Otra forma de percibir esta circunstancia se estima en "la
frecuencia y la duración" del problema para valorar la severidad del
mismo. Los expertos en el tema consideran que las dificultades en
cuanto al sueño deben presentarse "al menos tres o más noches por
semana", y que estas alteraciones del sueño tienen que estar
asociadas a "secuelas diurnas".
Los insomnios se pueden clasificar por su etiología en primarios,
"que no obedecen a nada externo" o en "secundarios", asociados a
otras patologías médicas; a trastornos psiquiátricos; a dependencias
del alcohol u otras sustancias; a factores del entorno o a otras
patologías del sueño, advirtiendo que "entre el 35 y el 40 por ciento
de los casos de insomnio secundarios se deben a trastornos
psiquiátricos".
ORIGEN PSICOLOGICO
Los insomnios primarios tienen un origen psicológico, de los
cuales el insomnio psicofisiológico es el más frecuente de los
insomnios crónicos, que se sitúa en torno a "un 25 por ciento del
total" de incidencia y que suele afectar a "individuos con una
personalidad especial, inhibida, que se angustian y dan muchas
vueltas a sus preocupaciones" y que "pueden llegar a ser crónicos si
no se tratan a tiempo".
La queja de insomnio varía según la edad el sexo y el estatus
laboral y socioeconómico, si bien la relación más fuerte es con la
edad, ya que "más del 25 por ciento de personas de más de 65 años
reportan alteraciones del sueño".
Para poder tratar el insomnio, Quesada indicó que "se debe
proceder a la evaluación clínica del mismo, para saber cuál es el
tipo de insomnio e identificar las diferentes causas que lo han
originado".
El tratamiento ideal sería el etiológico, que consiste en "buscar
la causa" que lo produce, aunque muchos de los casos consultados "se
deben únicamente a una mala higiene del sueño" o al incumplimiento de
"buenos hábitos a la hora de dormir".
Entre las "normas educativas recomendables" está el mantener un
"horario regular de sueño los siete días de la semana" o "evitar
sustancias" que interfieran con el sueño, si bien señaló que "las
horas de sueño necesarias son muy variables en cada persona".

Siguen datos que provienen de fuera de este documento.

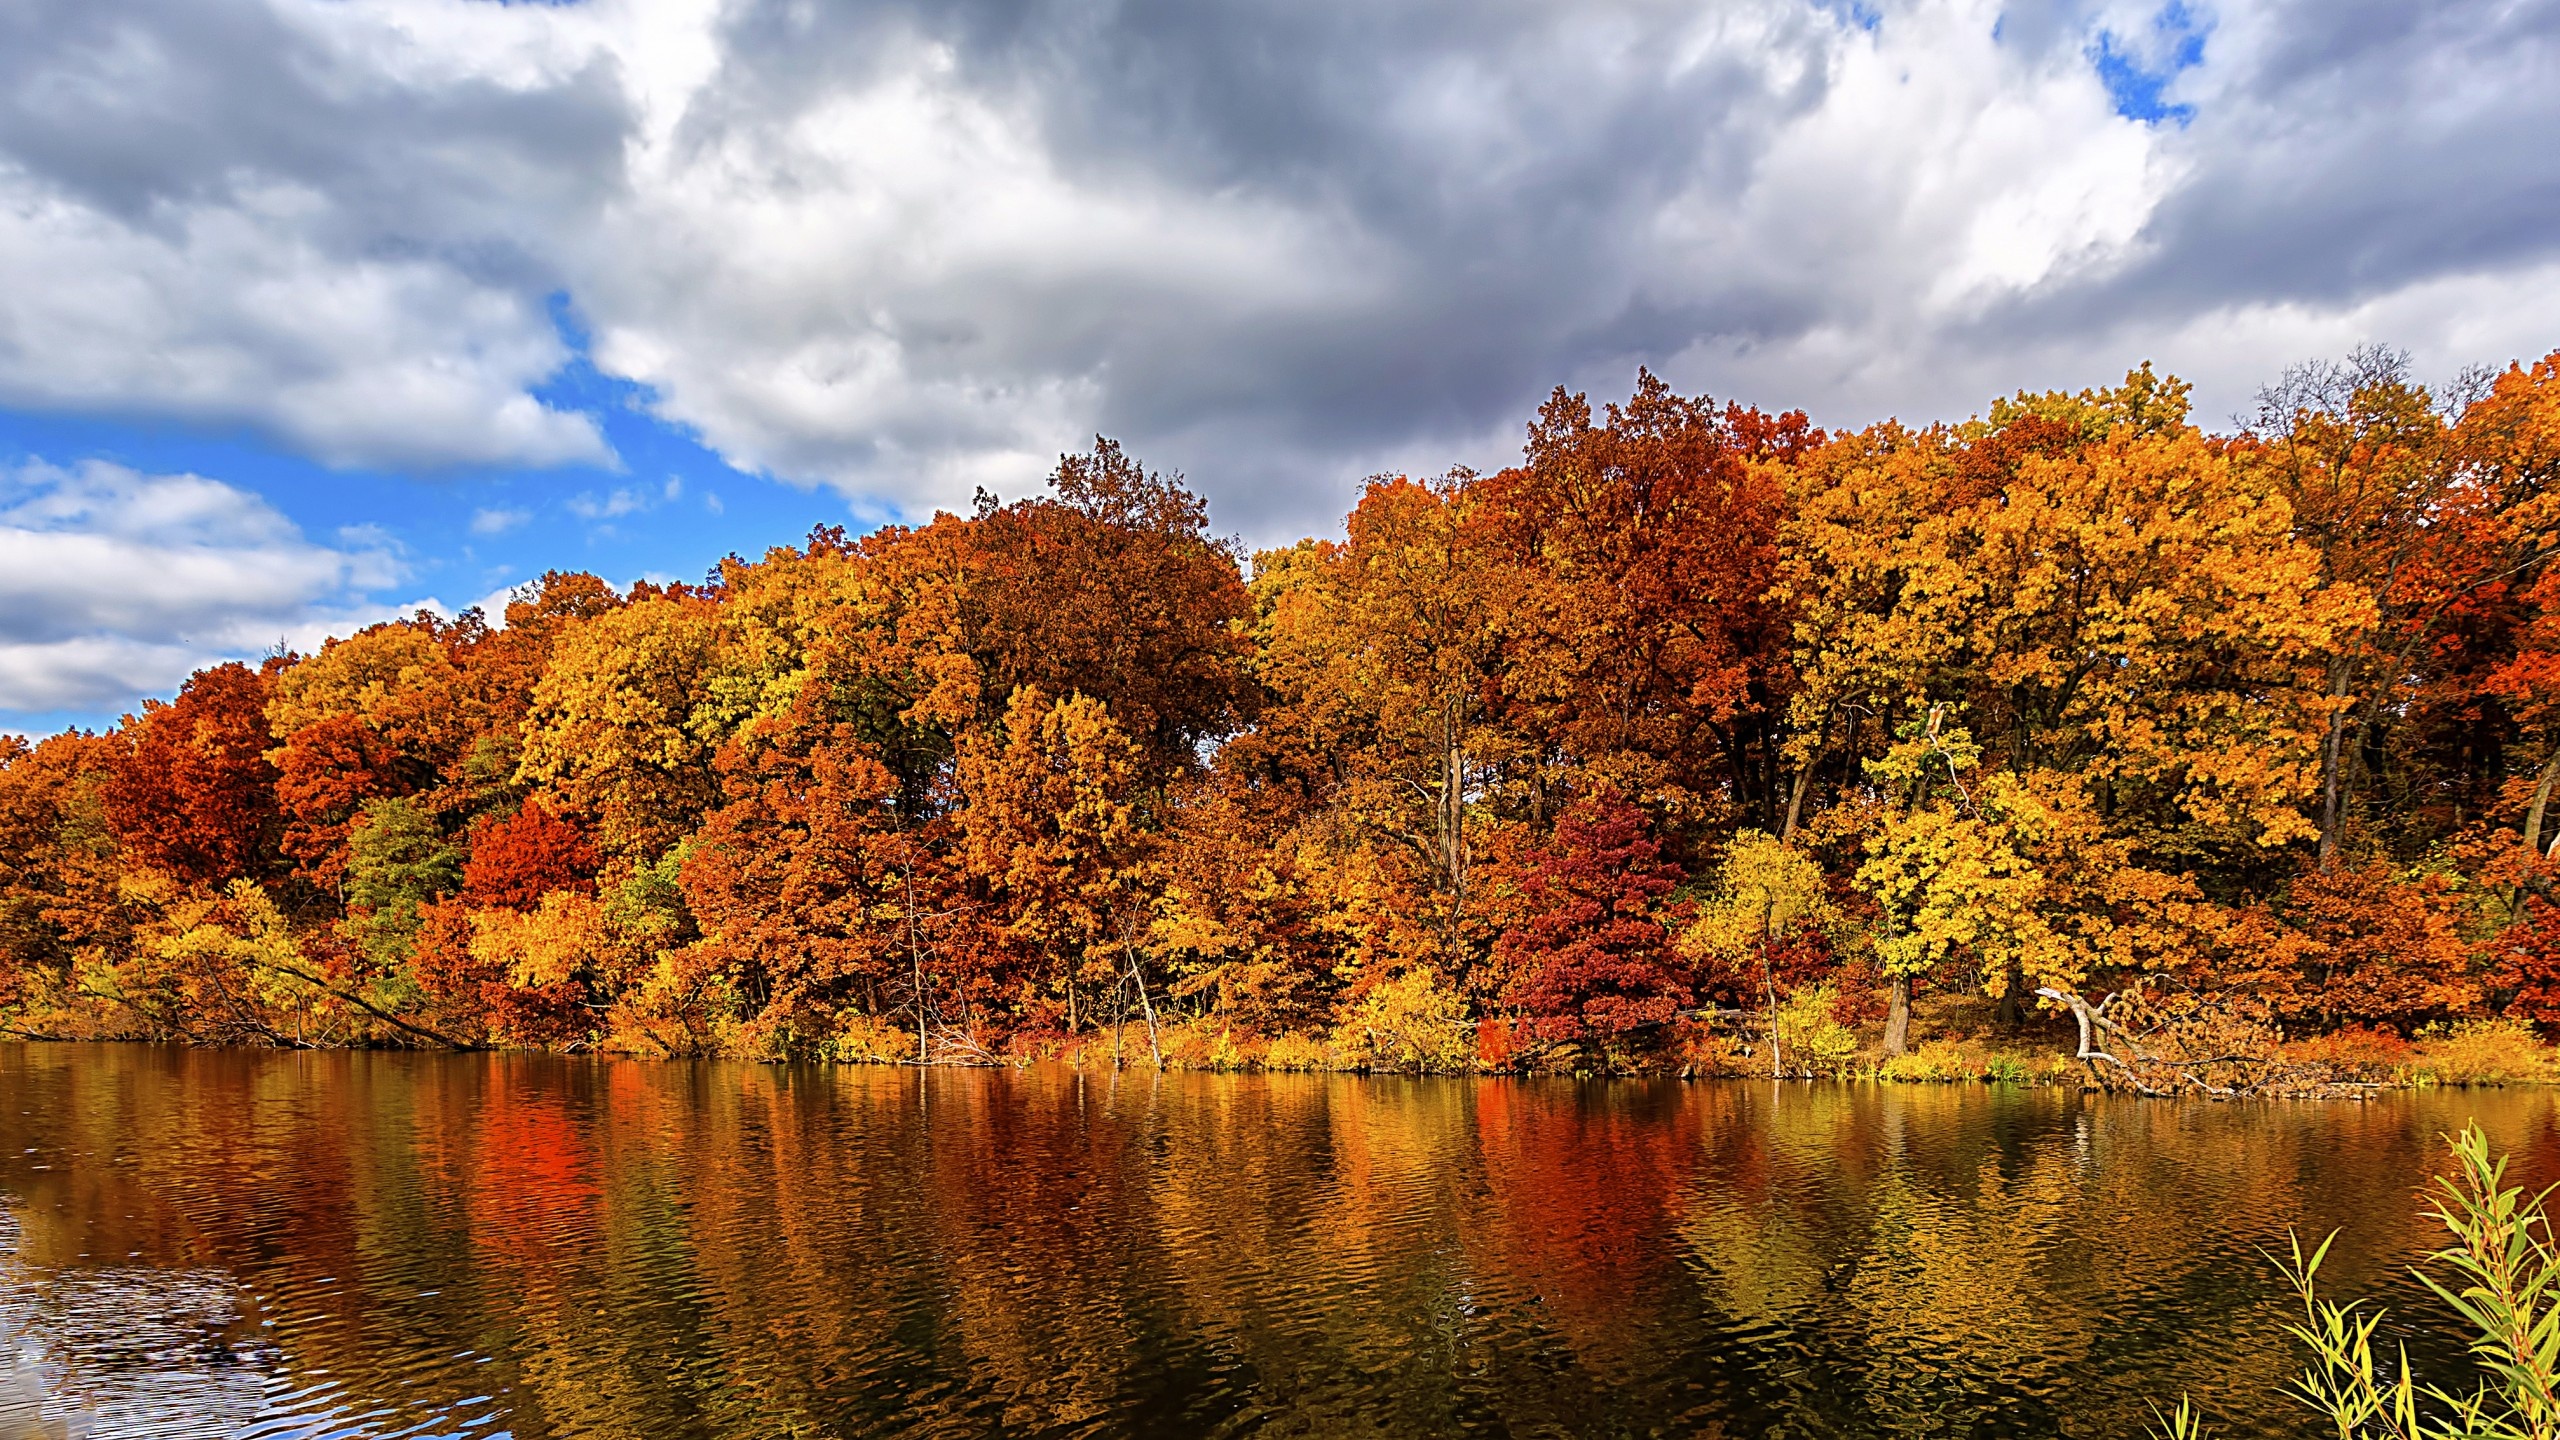 Autumn forest lake, Nature wallpaper, Landscape photography, Fall scenery, 2560x1440 HD Desktop

Quesada añadió la existencia de otros recursos para el tratamiento
del insomnio, entre los que destacó las "intervenciones
psicoterapéuticas, con terapias conductuales y psicológicas".
Por último, la doctora indicó que el tratamiento farmacológico
deberá ser "siempre indicado por un médico" y se aconseja no
mantenerlo durante más de un mes.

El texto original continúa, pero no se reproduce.